Including the Kids

I read a wide variety of topics, some pretty esoteric stuff.  And it’s tricky sometimes because I want to talk about what I’m processing (and Natasha in particular wants to do grown-up talk) but there’s always the question about how much is appropriate for the kids, and how much they would even understand.

Currently I am reading three books:

  • The Midnight Disease by Alice Flaherty (a book about the way the human brain works related to the various aspects of application and frustration reflected in writing and not-writing)
  • Deep Nutrition by Catherine Shanahan (a book– so far– about epigenetics and how food functions very like programming code being written for the DNA/genes to run.)
  • You’re Already Amazing by Holley Gerth (a book with a very ‘girlfriend’ tone that urges the reader to look very closely at herself and at life in the light of scripture).

Can I just say right here how much I love synergy?

I might (I doubt it) have finished one of these books already if it was the only one I was working on, but then I would have missed all sorts of interconnected gems.

Tonight I used something from the Midnight book with Natasha.

There are times she gets really *tight* about something and she can’t let it go. Just tonight for example.

“It’s happening again Mommy!” (I can guess she’s a bit regressed when I hear Mommy. My least-favorite title.)
“What’s happening?”
“I’m scared KNIDS are going to come and eat Elisha!”

And I have to try not to roll my eyes if the lights are on.

I really wonder if this started out as a game, or sleep-delay tactic, but whatever the origin these fears are now full-on terrifying to her, and just plain irritate me.

As anyone with fearful children will tell you, reassurances and discussions (or lectures) of reality are no use in these situations.

So I did an extemporaneous mini-lecture about perseveration.

I explained how a person whose brain has been damaged in a particular way will perceive something accurately, but then see only that. You show him a fork, ask him to name it, and he’ll say fork.

But then you show him a spoon, a knife, a toy truck, and each of those will also be called a fork.

The way to break this cycle is to draw his attention away from the idea for a moment:

A loud noise outside, or a family member walking into the room, will let the fork leave the center of his focus long enough for him to correctly name the new object.

Stapler.

But this merely shifts the problem, as everything now is identified as a stapler.

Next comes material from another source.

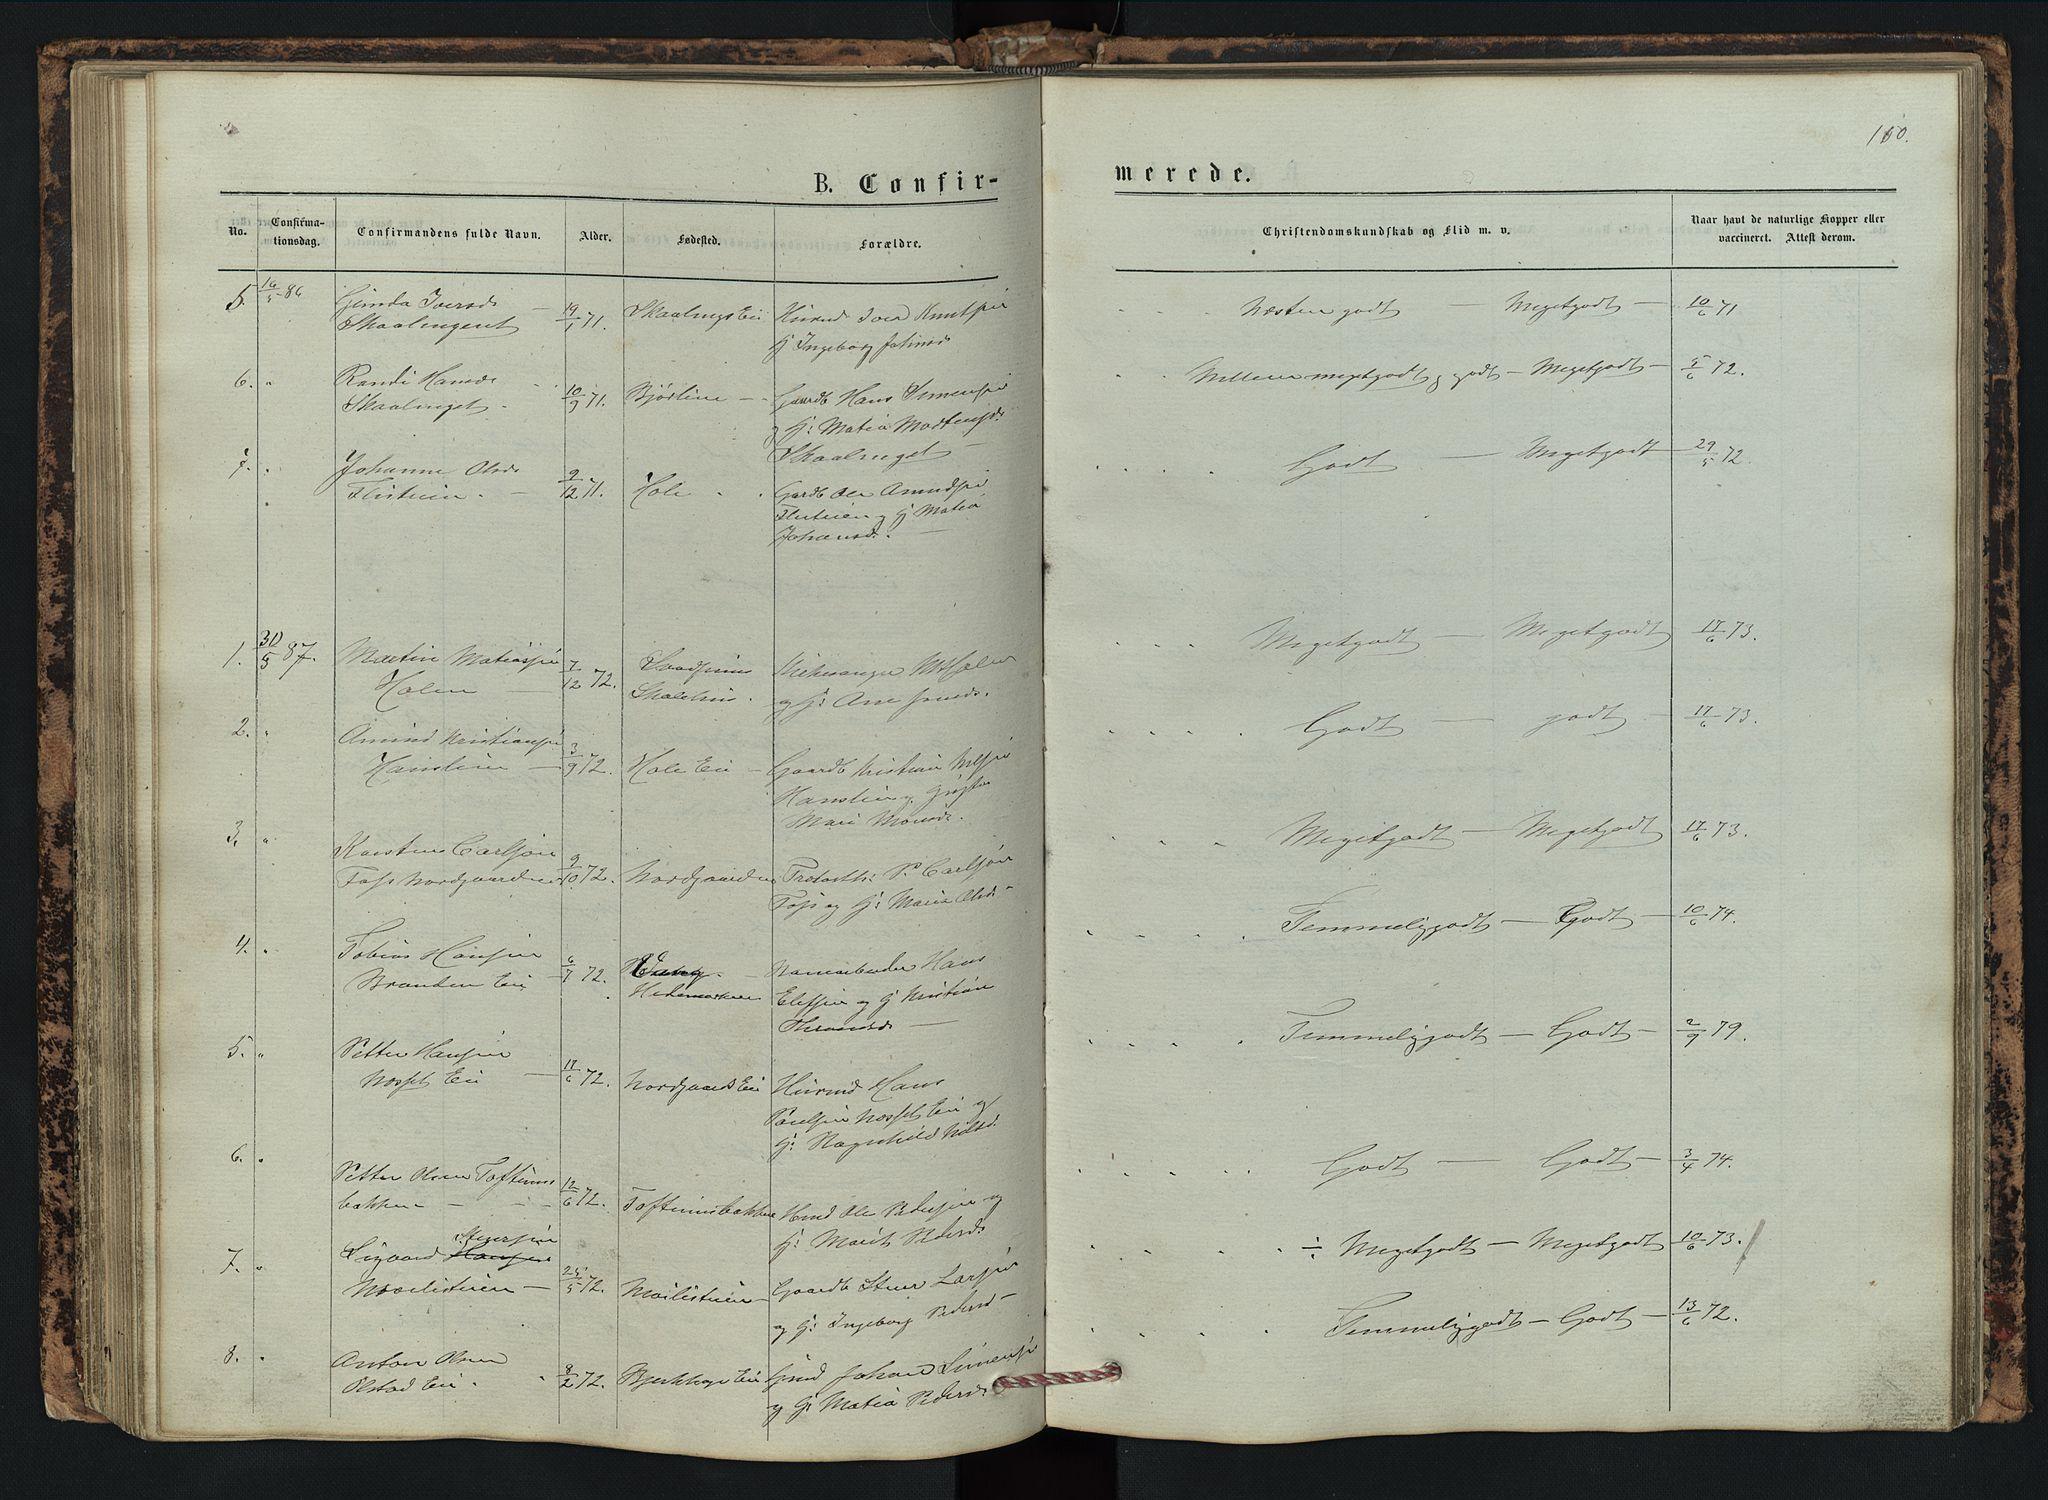 SAH, Vestre Gausdal prestekontor, Klokkerbok nr. 2, 1874-1897, s. 110

The point is, I told Natasha, You can use the same idea to shift your thoughts. If you let them go.

*Too* many times, she has come out to us in the living room sweating with anxiety. I’m convinced she rehearses the fear all her steps out to where we are, so whatever it is is only amplified, not relieved, by travel.

“Imagine your thoughts are a bouncy ball,” I suggested. “Right now, your ball is on the purple elephants step [She laughs]. If you want to quit thinking about purple elephants, you should try a shift of some kind. Go get a drink. Use the bathroom. Climbing down the ladder will give your brain a chance to bump the ball off the purple elephants step. AS LONG AS you don’t keep it there.”

I made a cage with the fingers of one hand over the palm of my other hand.

“If you don’t let it move, it won’t. Give it a chance.”

All these words were delivered with my end-of-the-day, how-much-of-this-is-useful-and-how-much-is-just-delay-? pseudo-conviction.

Jay took the kid-calls that came in the next half-hour, till Natasha bright-eyed and grinning tumbled into the living room.

“It worked! See, I was smoothing my hair, then thought, I bet I could make a pony tail–“

This is a morning-story,” I interrupted. “You belong in bed.”

She backed away, grinning. “And it worked, Mama,” she finished. “Your idea of getting down worked!

And she took herself back off to bed, tear-free.

Fear-free.

3 thoughts on “Including the Kids

  1. Oh! I forgot about knids! yeah those were creepy.

    I’ll have to try this for myself on certain issues. I definitely amplify.